Shale gas promises the start of a new era of cheap, abundant and relatively clean energy. In a growing number of European countries, energy companies have begun to drill rigs to explore potential shale deposits and its commercial extraction. Advocates of renewable, coal and nuclear power sources are increasingly concerned about this new competitor.

A potential shale gas revolution promises to shake up the EU’s green energy and climate policies. Recent studies estimate that there are huge deposits of shale gas in Europe too. Poland, France and the Ukraine alone may have supplies sufficient to last for 200 or 300 years. Energy crisis? What energy crisis?

No wonder then that many European countries see shale as a golden opportunity to generate cheap energy as well as reduce their reliance on imports from Russia and the Middle East.

In sharp contrast to extremely costly green energy policies, the shale revolution has progressed without any taxpayer-funded subsidies, government targets or tariffs. It is driven exclusively by new technologies that make shale exploration profitable.

A new report commissioned by the UK government has given the green light to the extraction of shale gas. The impact of the government’s endorsement is likely to have significant effects for Britain’s and Europe’s energy policy.

According to estimates of the International Energy Agency, globally there is enough natural gas for the next 120 years at current rates of consumption. Supplies of unconventional gas could provide us with this cheap and relatively clean energy for another 250 years or more.

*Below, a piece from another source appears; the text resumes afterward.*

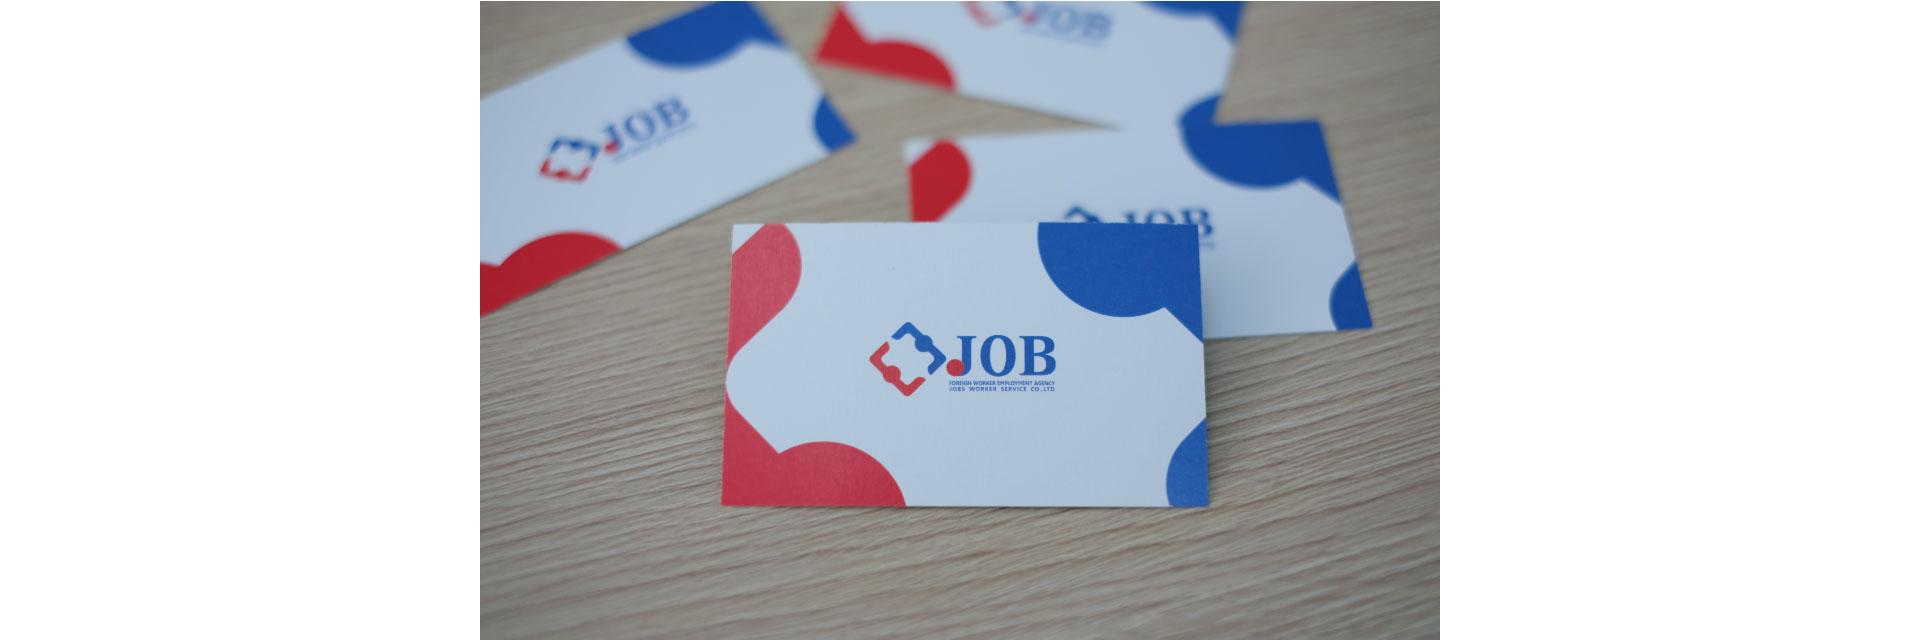 Banner - JOB service

The EU would gain significantly from a shale gas revolution: cheaper energy would make EU manufacturing more competitive, gas and electricity bills would fall and the rising trend in fuel poverty could be reversed.

Because of the potential scale of EU shale drilling, significant levels of employment would be created or supported across a broad range of job sectors. Energy-intensive industries and manufacturers now considering relocating their operations abroad due to increasing energy costs will also be more likely to stay.

Europe’s conventional climate and energy strategy now faces a huge challenge. Ultimately, it will be a matter of whether over-borrowed European governments, businesses and people will be able to resist such a hefty source of new revenue and a clean energy source requiring no subsidy.

Conclusion

Given the manifest reluctance of the world’s big emitters to accept any legally binding carbon targets and in face of our deepening economic crisis, Europe should undertake a comprehensive review of its economically damaging climate and renewables targets and — in the absence of an international agreement — should consider the suspension of all unilateral policies that threaten Europe’s economic recovery.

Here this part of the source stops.